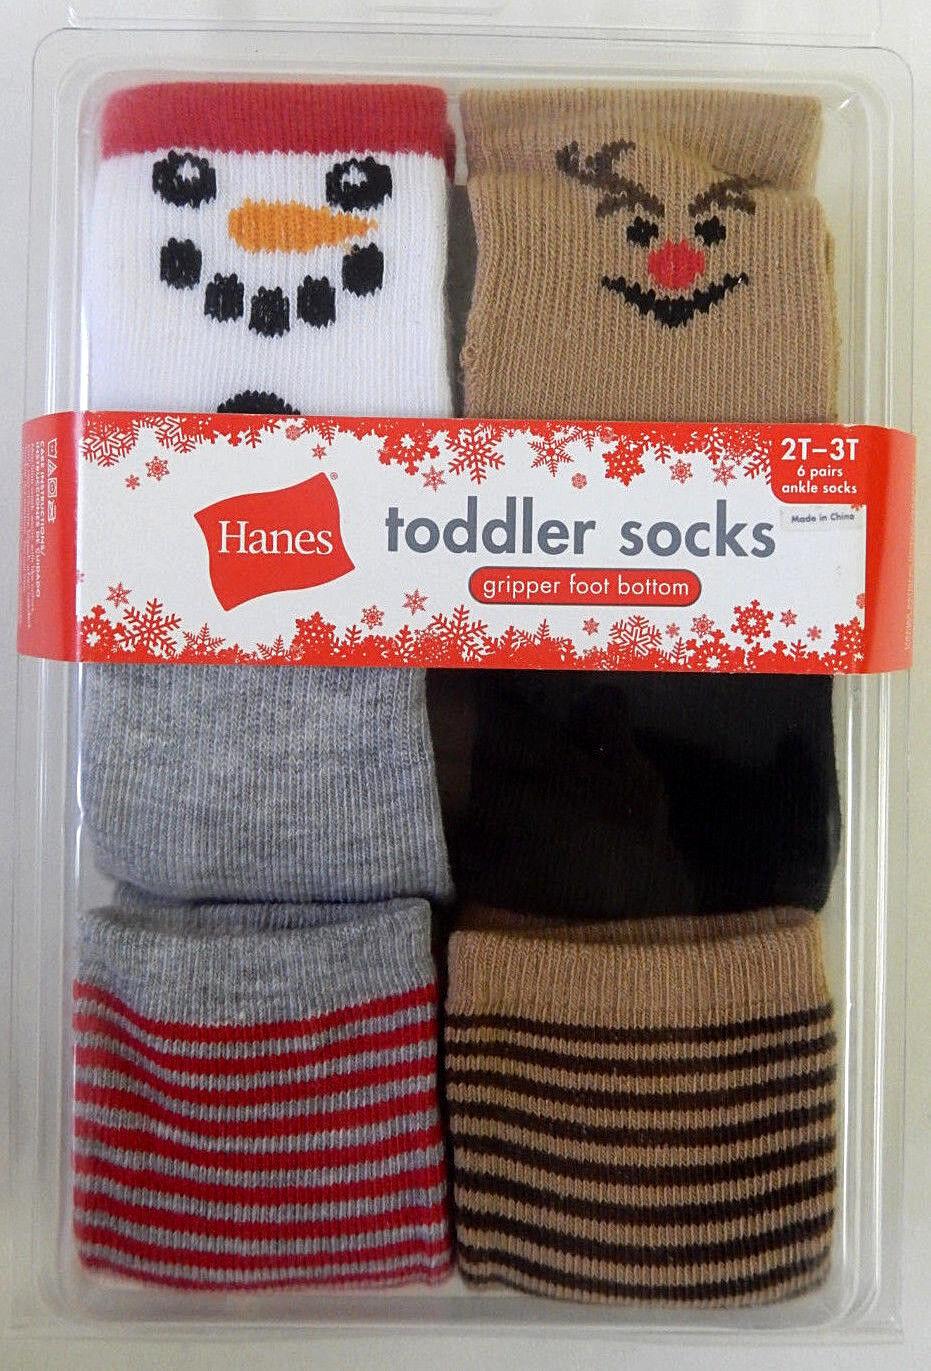 Hanes 12 24 Months 2T 3T 4T 5T 6-pk Ankle Socks Toddler Boy
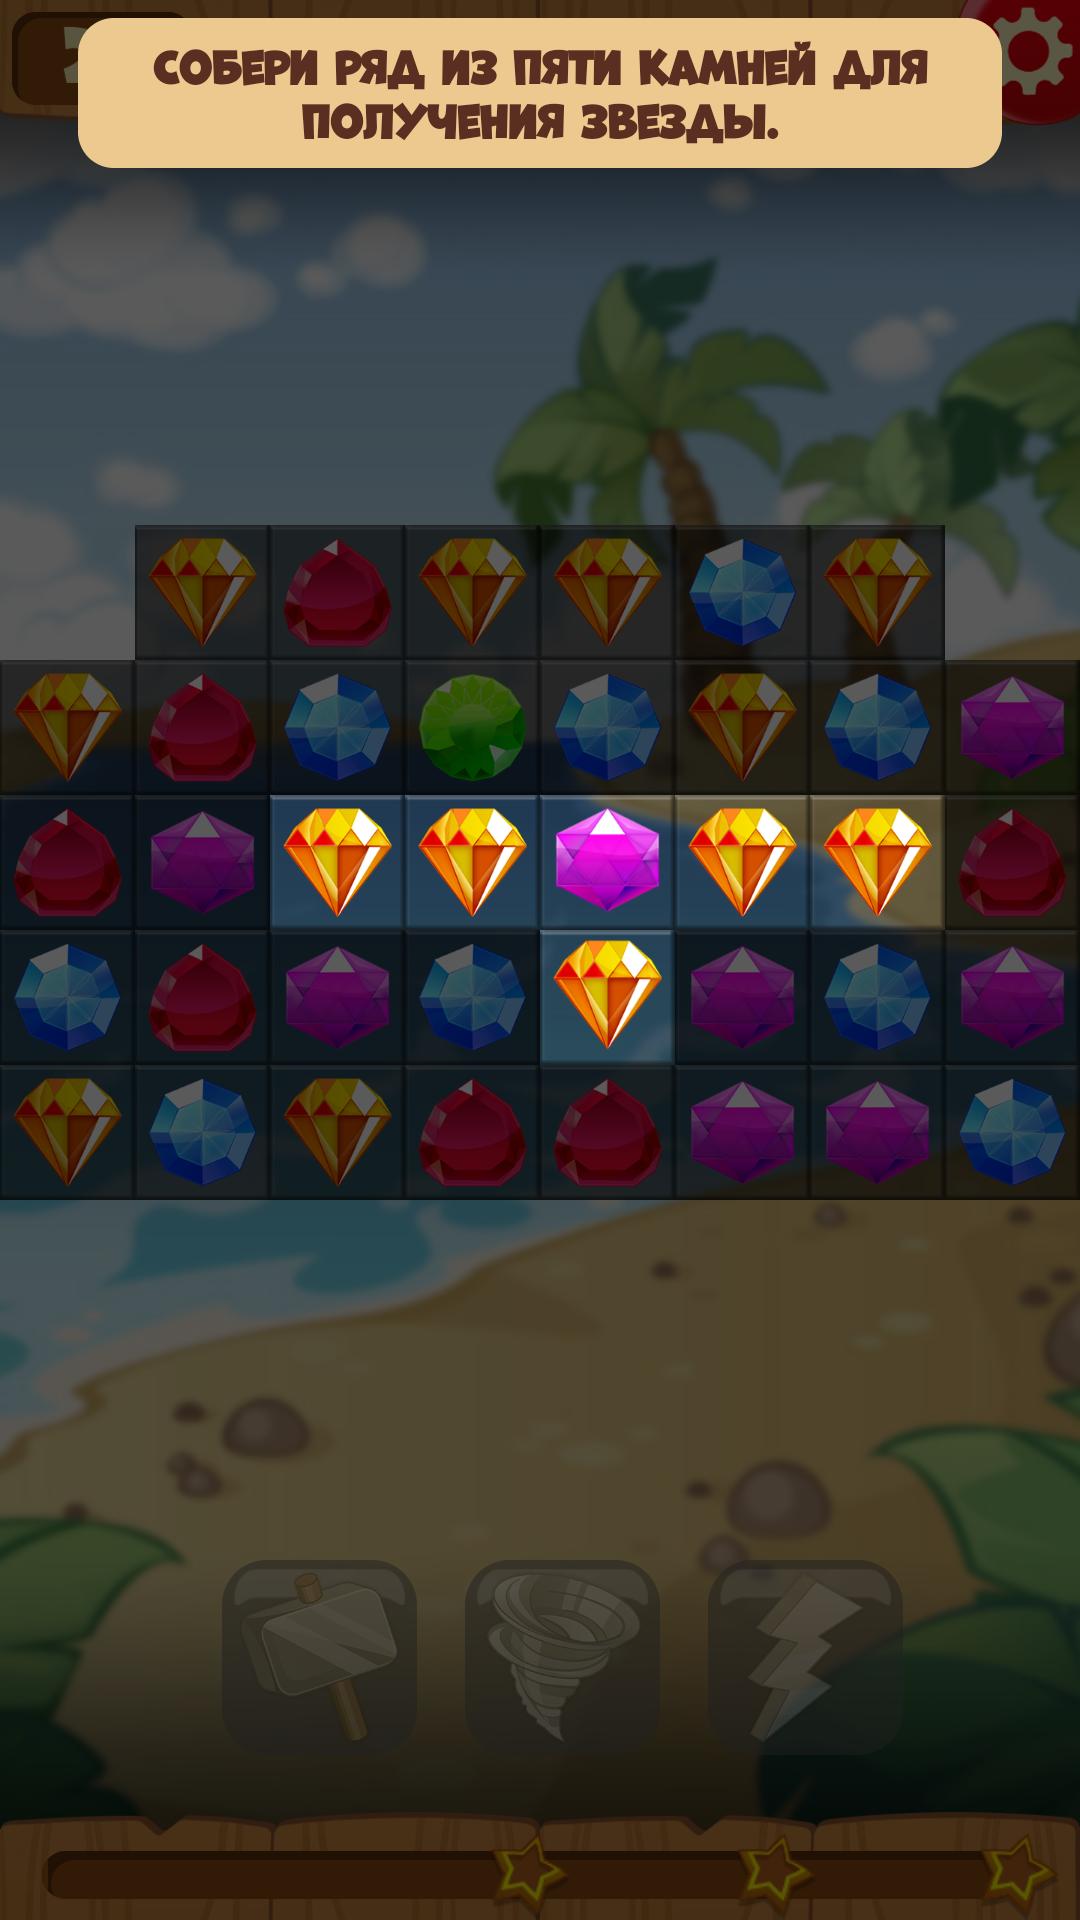 Casino cristal отзывы
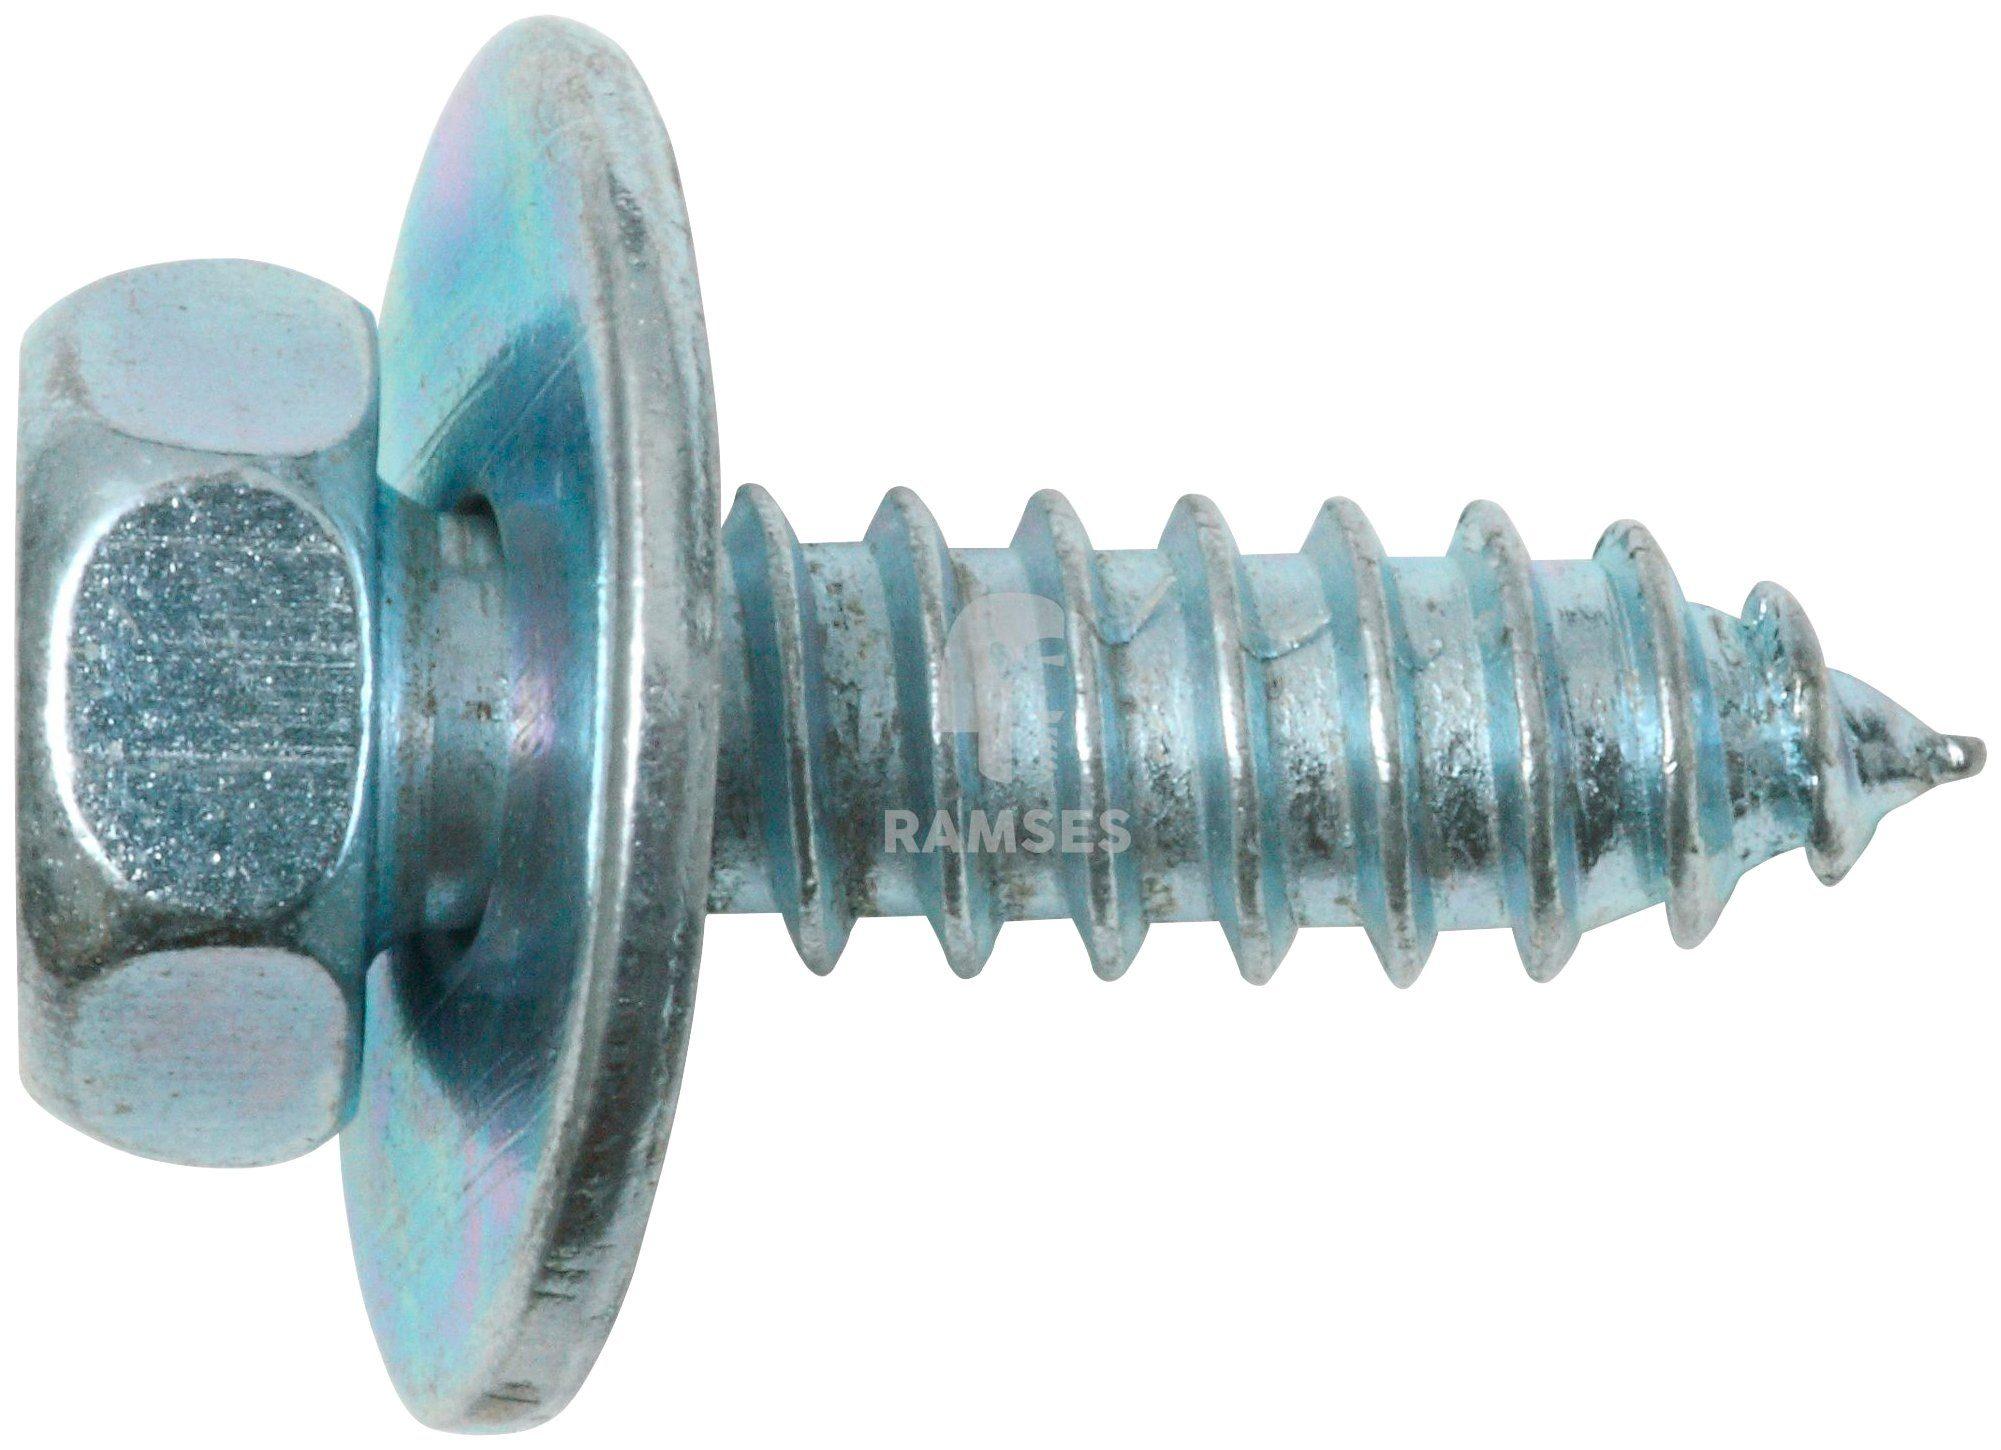 RAMSES Schrauben , Kombi Blechschraube 4,8 x 16 mm 100 Stk.

=== TASK OBJECTIVE ===
Take the lines from the one that contains "Casino cristal отзывы" down to the last line of the listing above, both included, and set them down exactly, leaving out pictures.

=== ANSWER TO THIS TASK ===
 Casino cristal отзывы
 RAMSES Schrauben , Kombi Blechschraube 4,8 x 16 mm 100 Stk.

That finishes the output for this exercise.